Use a stored model id for normal traffic. Resolving the free model calls GET /models (one request). Each chat turn is POST /chat/completions (another). If you call first_ranked_free_text_model (or list and pick) on every user message, you pay two API calls per turn—list plus chat. Instead, resolve once (at deploy, in a Rake task, or on a long TTL), remember the returned id (environment variable, database, cache, or default_model in savvy_openrouter.yml), and pass that string to client.chat.completions(model: ...) for ongoing requests. Refresh the stored id when you want to pick up a new “top free” model after OpenRouter changes their list.

That heuristic stays aligned with OpenRouter’s listing as long as their ranking and pricing rows stay as they are; it is not a separate benchmark score from the JSON (there is no rating field on each model). For chat-specific knobs such as tools, tool_choice, and response_format (including JSON schema), pass them on client.chat.completions; global YAML defaults also merge into embeddings and other resources, so prefer per-call args for tool and schema defaults unless you only use chat endpoints.

Usage

require "savvy_openrouter"

client = SavvyOpenrouter::Client.new(api_key: ENV.fetch("OPENROUTER_API_KEY"))

# Chat completion (defaults from YAML/env merged into body)
response = client.chat.completions(
  messages: [{ role: "user", content: "Hello!" }]
)
puts response[:choices].first[:message][:content]

# Streaming (SSE); each yielded string is a JSON `data:` payload from OpenRouter
client.chat.completions_stream(messages: [{ role: "user", content: "Hi" }]) do |data_json|
  chunk = JSON.parse(data_json)
  print chunk.dig("choices", 0, "delta", "content")
end

# Embeddings
client.embeddings.create(model: "openai/text-embedding-3-small", input: "Hello world")

# Video: create (HTTP 202), poll, download binary
job = client.videos.create(model: "google/veo-3.1", prompt: "A calm ocean at dawn")
status = client.videos.poll_until(job[:id])
video_bytes = client.videos.download(job[:id]) if status[:status].to_s == "completed"

# Binary speech (TTS)
audio_bytes = client.audio.speech(model: "elevenlabs/...", input: "Hello")

# Responses API (beta)
client.responses.create(model: "openai/gpt-4o", input: "Hello")

# Discover top free model for a category (GET /models) — run rarely; persist the id, do not call per user message
top_free = client.models.first_ranked_free_text_model(category: "programming")
# e.g. save top_free[:id] to ENV or default_model, then:
client.chat.completions(model: top_free[:id], messages: [{ role: "user", content: "Hello!" }])

# Management APIs (typically require a management key)
client.api_keys.list
client.guardrails.list
client.workspaces.list

See the OpenRouter API reference for request/response shapes.

Errors

API failures raise subclasses of SavvyOpenrouter::ApiError (for example AuthenticationError, PaymentRequiredError, RateLimitError, BadGatewayError). Every error exposes #status_code and #response_body when available.

Development

bin/setup
bundle exec rake   # RSpec + RuboCop

Integration tests live in spec/integration/ and are tagged :integration. When OPENROUTER_API_KEY is set, they call the live API (WebMock allows net connect only for those examples).
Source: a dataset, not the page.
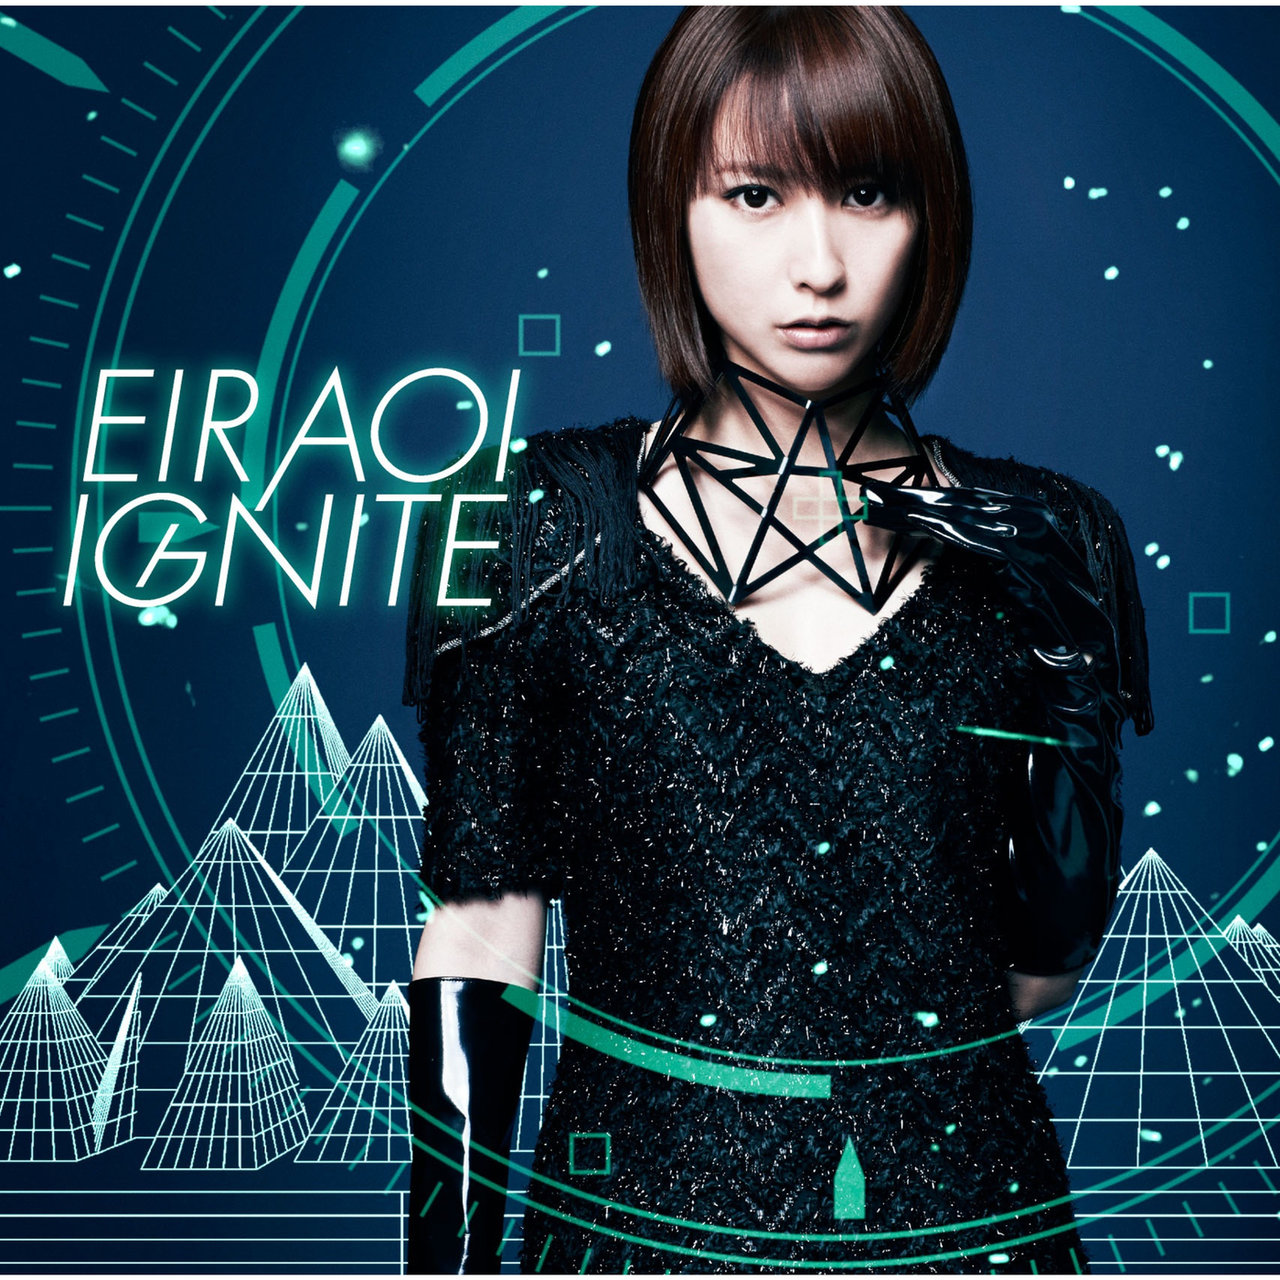 Eir Aoi Ignite cover artwork

Smoke chat examples use the free model inclusionai/ring-2.6-1t:free; spec/integration/free_model_rank_spec.rb asserts curated “first free” model ids for programming and roleplay against the live models list (these examples can fail if OpenRouter changes ordering or pricing).

Contributing

Bug reports and pull requests are welcome on GitHub.

License

The gem is available as open source under the terms of the MIT License.

Code of Conduct

Everyone interacting in this project's repositories is expected to follow the code of conduct.